Processing time: 4–6 weeks in 2026 (improved from earlier years due to digitization).

4. Open a Corporate Bank Account

Banking is the most critical bottleneck. In 2026, top-tier banks willing to open accounts for a zero tax offshore company in Mauritius include:

  • Bank of Mauritius
  • AfrAsia Bank
  • Mauritius Commercial Bank (MCB)
  • SBM Bank Mauritius

Requirements typically include:

  • FSC license certificate
  • Certified copies of director/shareholder passports
  • Proof of address (utility bill)
  • Source of wealth documentation
  • Business plan and expected transaction flows

Note: Some banks may impose higher minimum balances (USD 50,000–100,000) for GBC1 entities, reflecting increased regulatory scrutiny.
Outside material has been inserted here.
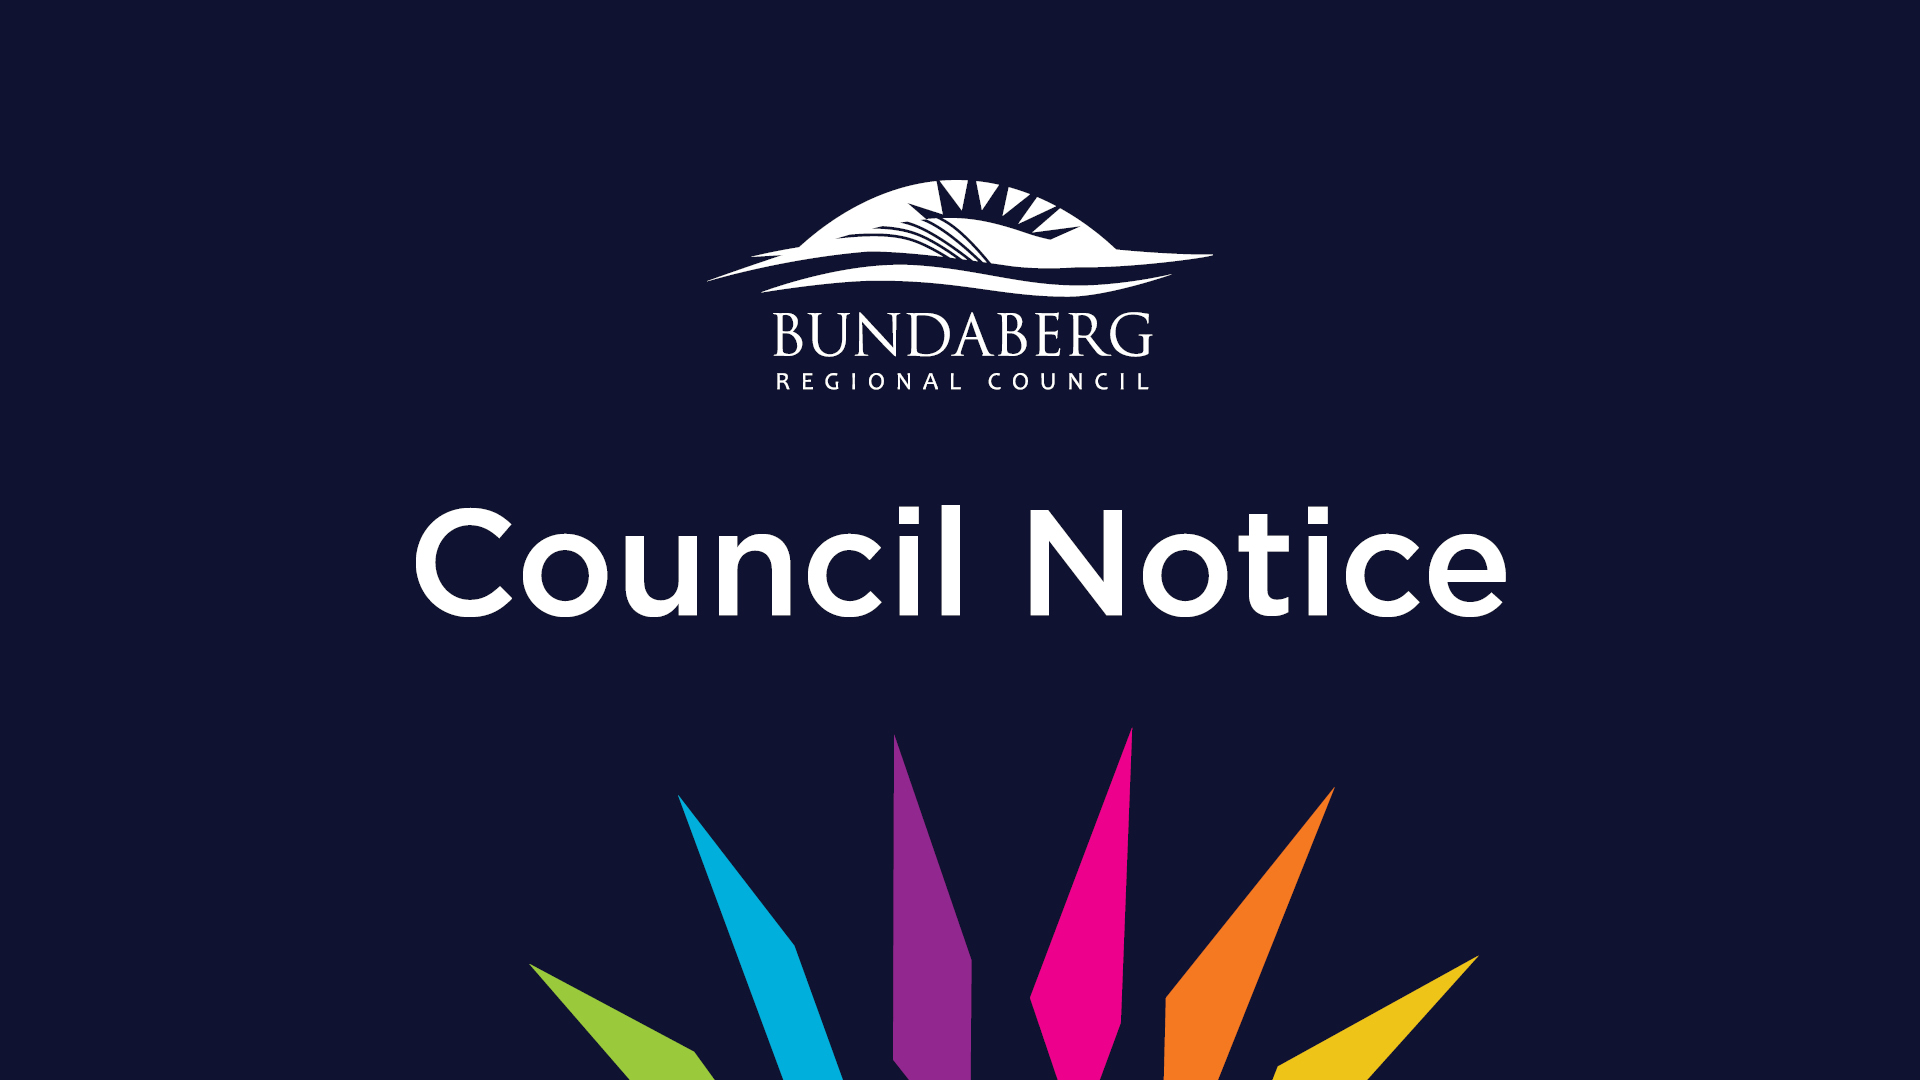 BN-Council-Notice-feature-1.jpg

5. Meet Economic Substance Requirements

To maintain zero corporate tax status, the GBC1 must:

  • Maintain a physical office in Mauritius (co-working spaces are acceptable if leased for ≥12 months)
  • Appoint at least two local directors (one must be a Mauritius resident)
  • Conduct board meetings in Mauritius (at least annually)
  • Employ or engage local staff or service providers
  • Incur annual expenses in Mauritius (minimum USD 30,000–50,000)

These requirements are non-negotiable in 2026. Substance audits are conducted annually by the FSC.

6. Tax Compliance & Reporting

Despite being tax-exempt, the zero tax offshore company in Mauritius must:

  • File annual audited financial statements with the FSC
  • Submit annual tax returns (even if zero tax is due)
  • Maintain transfer pricing documentation if transacting with related parties
  • File CRS reports if holding assets for non-residents

Critical Insight: While foreign-sourced income is exempt, Mauritius-sourced income (e.g., rental from local property) is taxed at up to 15%. Therefore, structuring must ensure all income is foreign-derived.


Tax Implications: How the Zero Tax Offshore Company in Mauritius Works

The zero tax offshore company in Mauritius achieves tax efficiency through:

1. Foreign-Sourced Income Exemption

Under Section 71 of the Income Tax Act:

  • Dividends, interest, royalties, capital gains, and service income from outside Mauritius are exempt from corporate tax.
  • No withholding tax on dividends paid to non-resident shareholders.
  • No capital gains tax on disposal of foreign assets.

2. No Capital Gains Tax or Inheritance Tax

Mauritius imposes no capital gains tax and no estate duty, making it ideal for wealth preservation.

3. Dividend Tax Neutrality

Dividends received from foreign subsidiaries are not taxed. Dividends paid to foreign shareholders are not subject to withholding tax.

4. No Thin Capitalization Rules

Mauritius does not impose thin capitalization rules, allowing flexible debt-to-equity structures for international financing.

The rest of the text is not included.